On Tue, Jun 30, 2015 at 9:40 AM, Ian Kelly <ian.g.kelly at gmail.com> wrote:
> On Tue, Jun 30, 2015 at 3:07 AM, Christian Gollwitzer <auriocus at gmx.de> wrote:
>> Am 30.06.15 um 10:52 schrieb jonas.thornvall at gmail.com:
>>>
>>> It still bug out on very big numbers if base outside integer scope.

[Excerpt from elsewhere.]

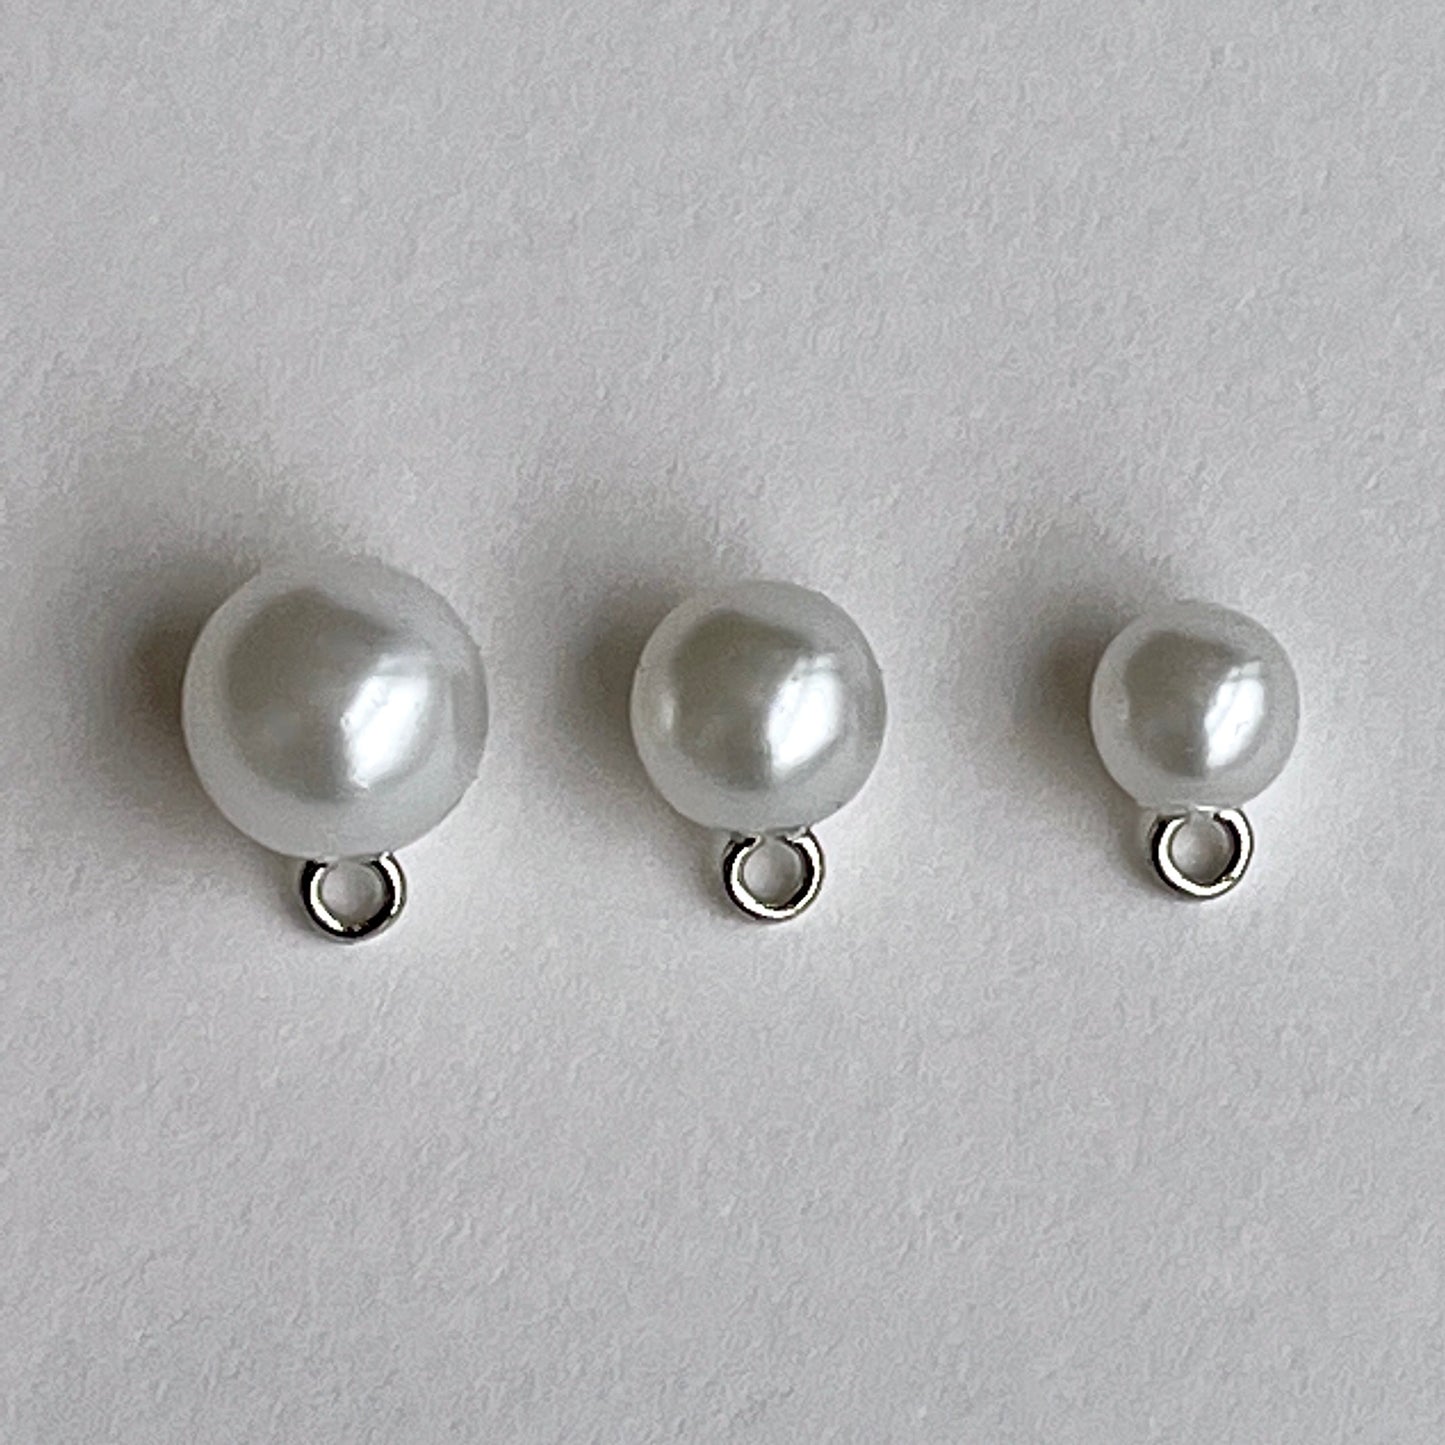 Pearl Bridal Buttons with Metal Shanks

>>> I am very keen on suggestions regarding the logic to make it faster.
>>
>>
>> Concerning the algorithmic complexity, it can't be faster than square time
>> in the number of digits N. Baseconversion needs to do a sequence of division
>> operations, where every operation gves you one digit in the new base. The
>> number of digits in the new base is proportional to the number of digits in
>> the old base (the ratio is log b1/log b2). Therefore it will be O(N^2).
>
> I don't think that's true. Here's a linear hexadecimal to binary function:
>
>>>> def hextobin(value):
> ...     digits = {'0': '0000', '1': '0001', '2': '0010', '3': '0011',
> ...         '4': '0100', '5': '0101', '6': '0110', '7': '0111',
> ...         '8': '1000', '9': '1001', 'A': '1010', 'B': '1011',
> ...         'C': '1100', 'D': '1101', 'E': '1110', 'F': '1111'}
> ...     return ''.join(digits[d.upper()] for d in value)
> ...
>>>> hextobin('3f')
> '00111111'
>
> I believe this approach can be extended to arbitrary bases with some
> effort, although for converting arbitrary base b1 to b2, you would
> need up to b2 different mappings if b1 and b2 are relatively prime.

Actually, I think you need up to b1 * b2 mappings, as you're
effectively building a state machine with b1 * b2 states. The mappings
can be pre-computed, however, so actually running the state machine
would then just be a linear algorithm.